01. Wie unterscheidet sich der nicht-dokumentäre vom dokumentären Zahlungsverkehr?

Grundsätzlich sind alle Zahlungsbedingungen, die im Inland Anwendung finden, auch im Außenhandel anwendbar. Verbindet einen Exporteur in Korea mit einem Importeur in Deutschland eine rege und vertrauensvolle Geschäftsbeziehung, so braucht der koreanische Gläubiger keine besondere Maßnahme zum Schutz seiner Forderung zu ergreifen, weil er sich auf den deutschen Schuldner erfahrungsgemäß verlassen kann. Bei Neukunden geht der Exporteur allerdings ein großes Risiko ein, wenn der seine Forderung nicht in irgendeiner Weise sichert. Bei einem ganz normalen Zielkauf ohne weitere Absicherung riskiert der Exporteur, dass er nicht nur kein Geld erhält, sondern überdies auch die Ware verliert. Um dieses Risiko auszuschließen, kann im Kaufvertrag eine Zahlungsbedingung vereinbart werden, derzufolge der Kunde bestimmte Dokumente benötigt, um in den Besitz der Ware zu gelangen.

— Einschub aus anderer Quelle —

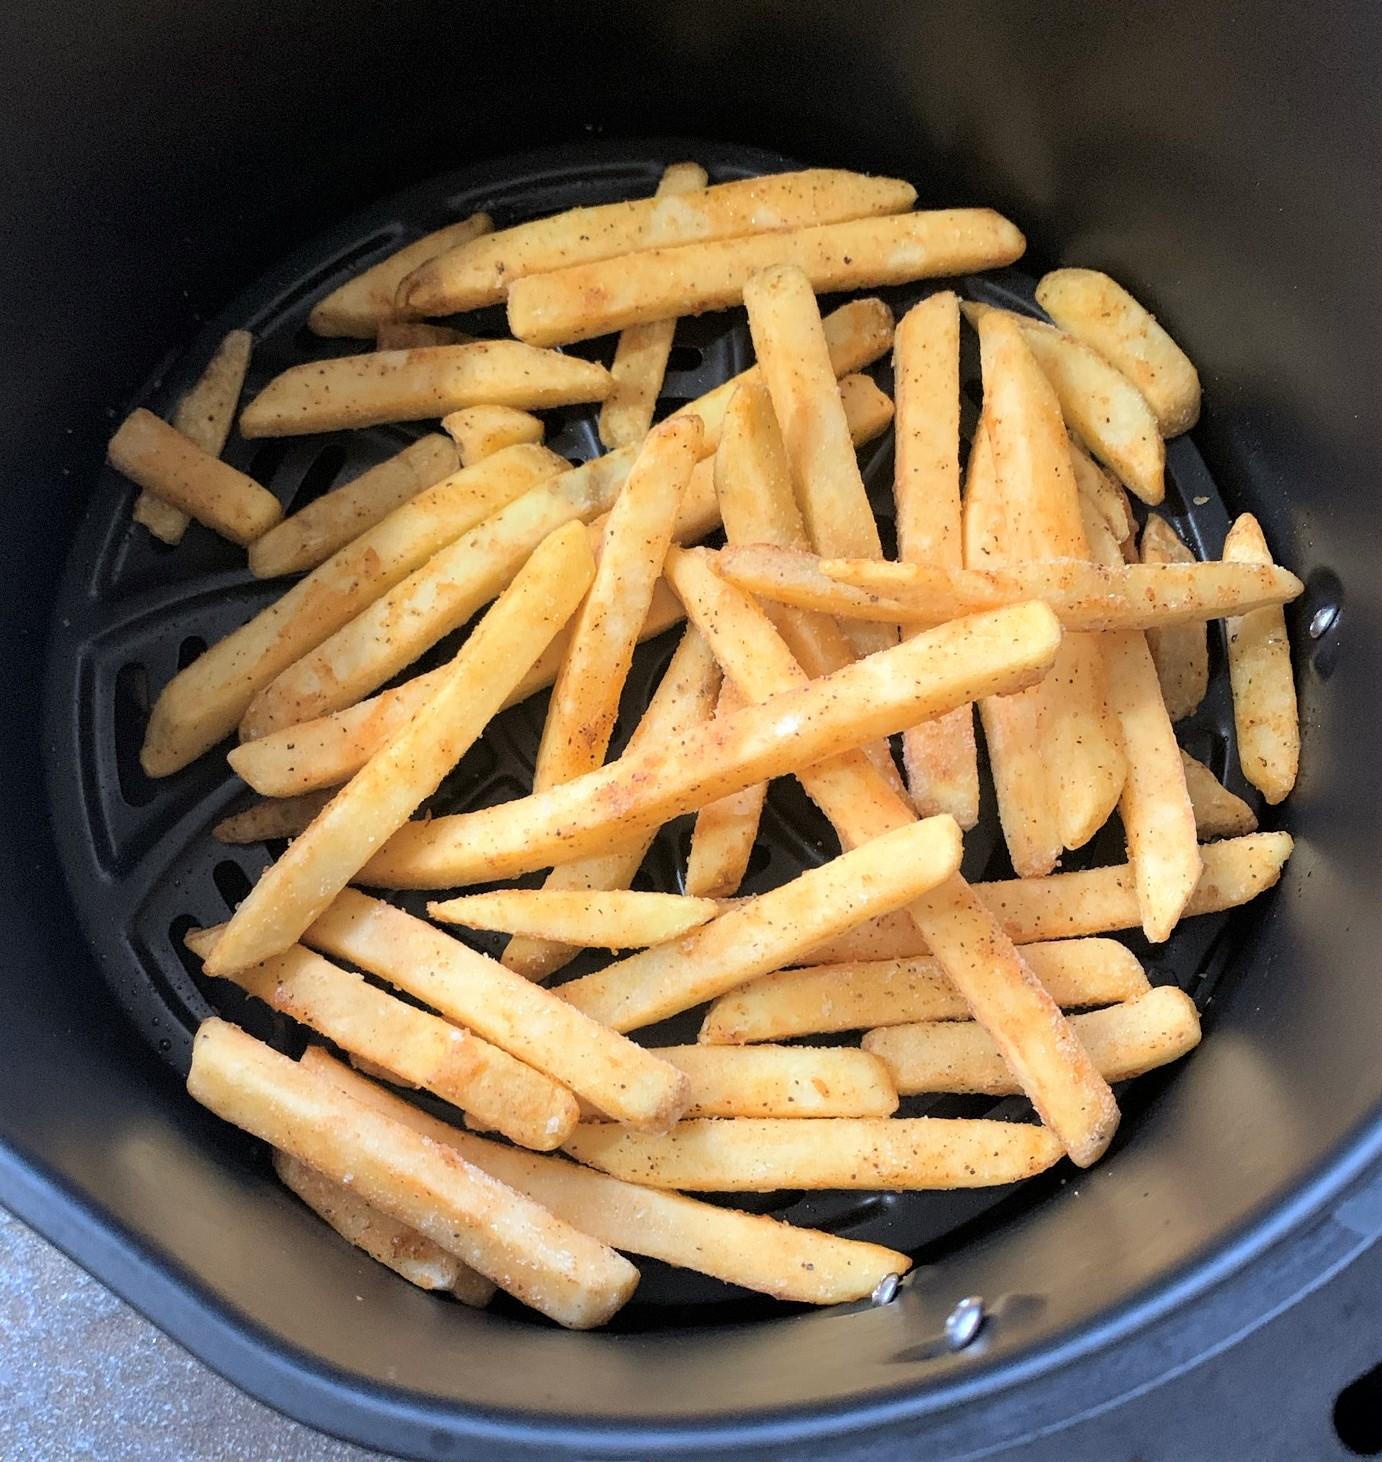 frozen fries in an air fryer basket

Diese Dokumente erhält er allerdings nur, wenn er die Zahlung leistet oder ein anderer die Zahlung garantiert. Man spricht dann von einem dokumentengebundenen Zahlungsverkehr. Eine solche Bindung an Dokumente besteht beim nicht-dokumentären Zahlungsverkehr nicht. Im Wesentlichen zählen zum nicht-dokumentären Zahlungsverkehr die Überweisung und die Scheckzahlung.

02. Welche Zahlungsbedingungen passen zum nicht-dokumentären Zahlungsverkehr?

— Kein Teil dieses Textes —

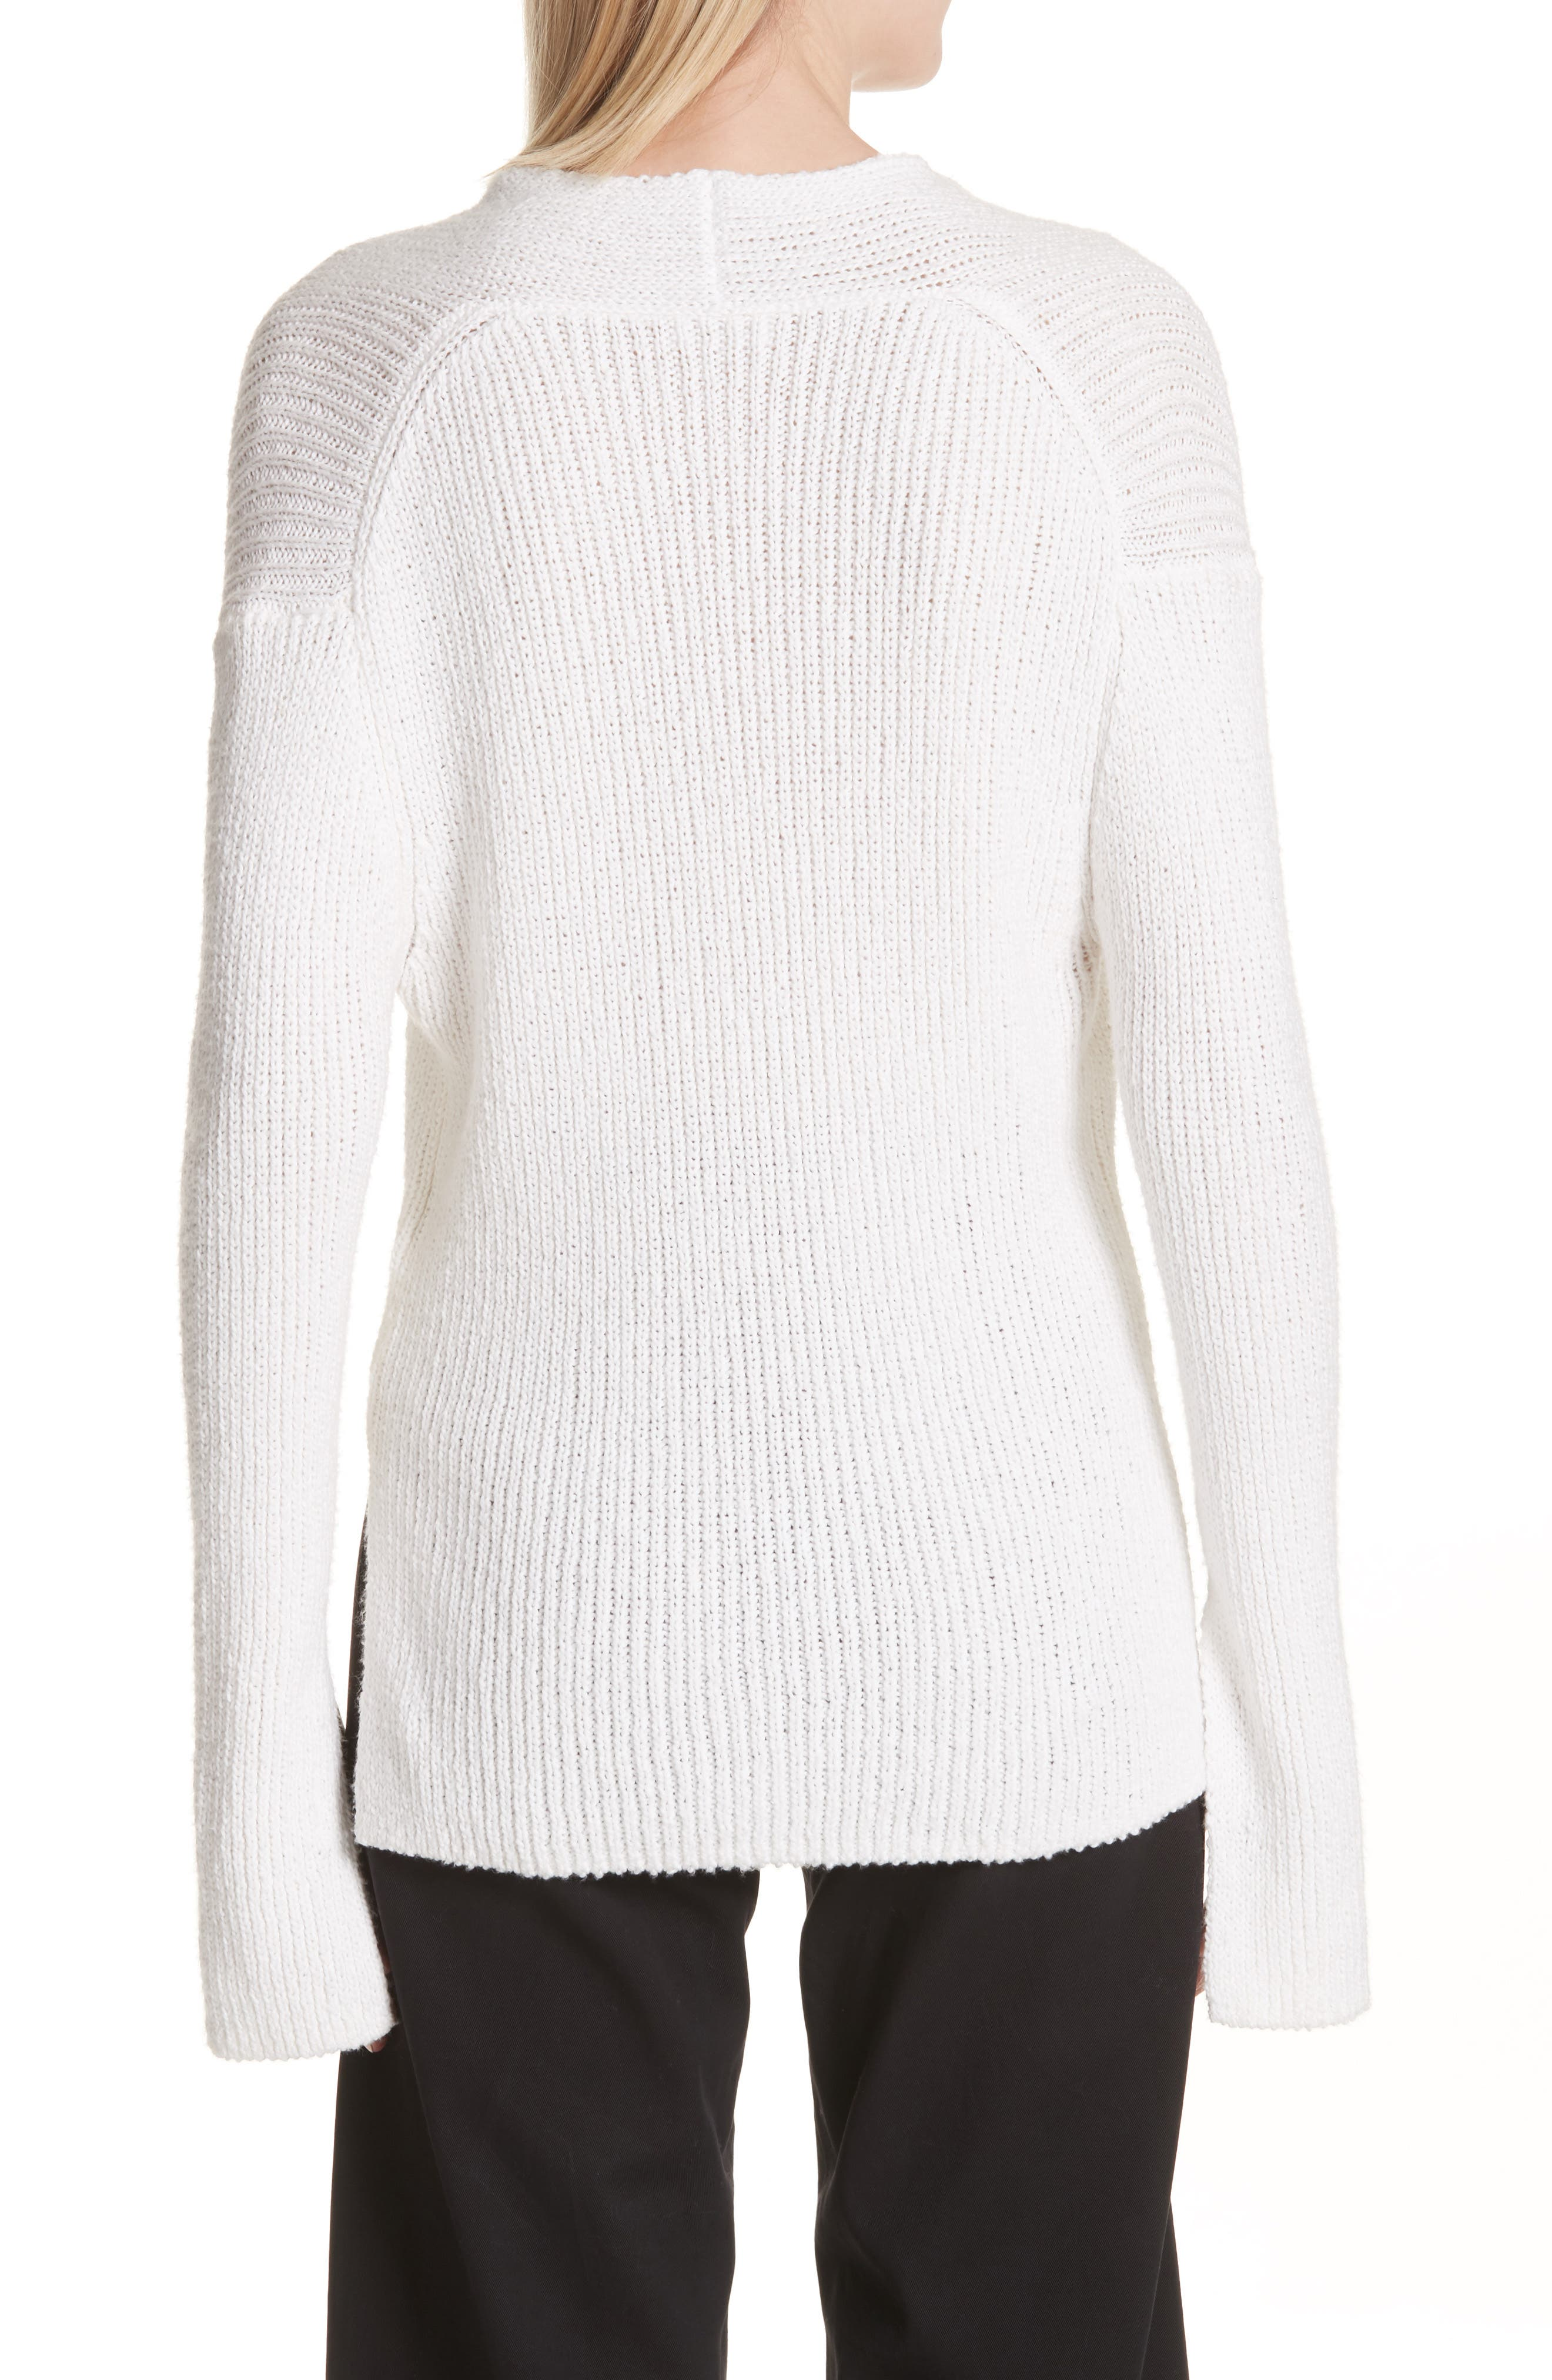 Nick Cotton Sweater,                             Alternate thumbnail 2, color,                             100

Der Gläubiger braucht die Verfügbarkeit über die Ware nicht an Dokumente zu binden, wenn er mit dem Kunden Vorauszahlung vereinbart hat. In diesem Fall wird er Ware erst liefern, wenn die Zahlung vereinnahmt ist. Bei dieser Bedingung ist es der Importeur, der das Risiko eingeht, sein Geld zu verlieren, ohne dafür auch tatsächlich Ware zu bekommen. Diese Zahlungsbedingung setzt also Vertrauen in die Seriosität und Zuverlässigkeit des liefernden Exporteurs voraus.

Umgekehrt genießt der Importeur einen Vertrauensvorschuss, wenn als Zahlungsbedingung Cash on Delivery (COD) vereinbart wurde. COD entspricht etwa der im Deutschen geläufigen Zahlung per Nachname. Bei einem Kauf auf Basis dieser Zahlungsbedingung handelt es sich um einen Barkauf. Ebenso ist ein Zielkauf vorstellbar, z. B. „30 days net“.

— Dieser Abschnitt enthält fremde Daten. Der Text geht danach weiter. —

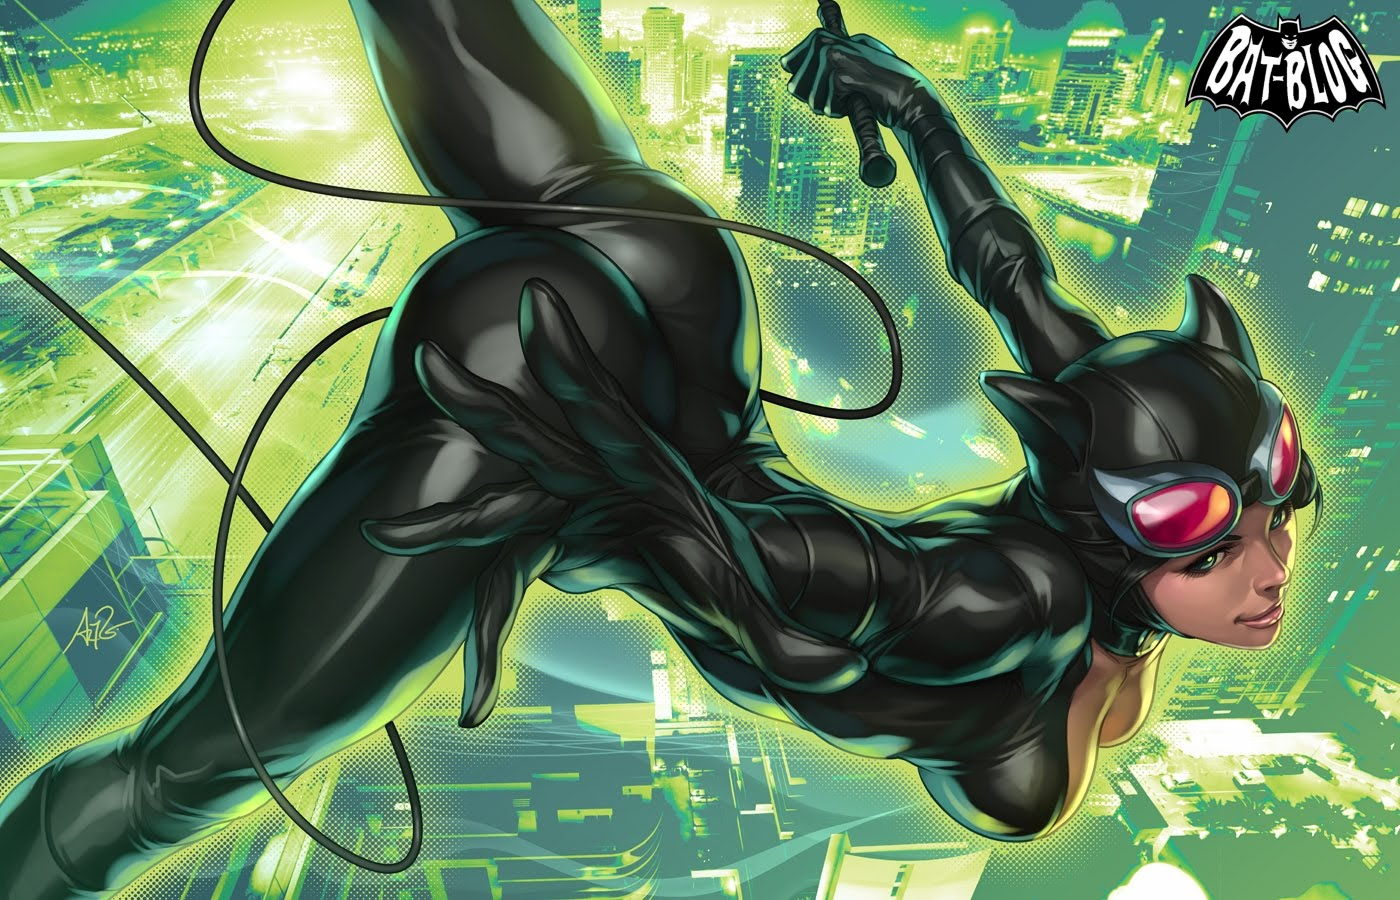 BATMAN TOYS and COLLECTIBLES CATWOMAN   Batman Wallpaper Backgrounds 1400x900

Nicht-dokumentäre Zahlungen werden als clean payment bezeichnet.

03. Wem müssen Zahlungen ins Ausland gemeldet werden?

Innerhalb der Europäischen Union ist der Zahlungsverkehr vollständig liberalisiert. Soweit Auslandszahlungen vom Zahlungsleistenden oder vom Zahlungsempfänger gemeldet werden müssen, steckt hinter der Meldepflicht nicht die Absicht einer Kapitalverkehrskontrolle, sondern die Meldungen erfolgen ausschließlich aus den in § 26 Abs. 2, 3 AWG genannten Zwecken.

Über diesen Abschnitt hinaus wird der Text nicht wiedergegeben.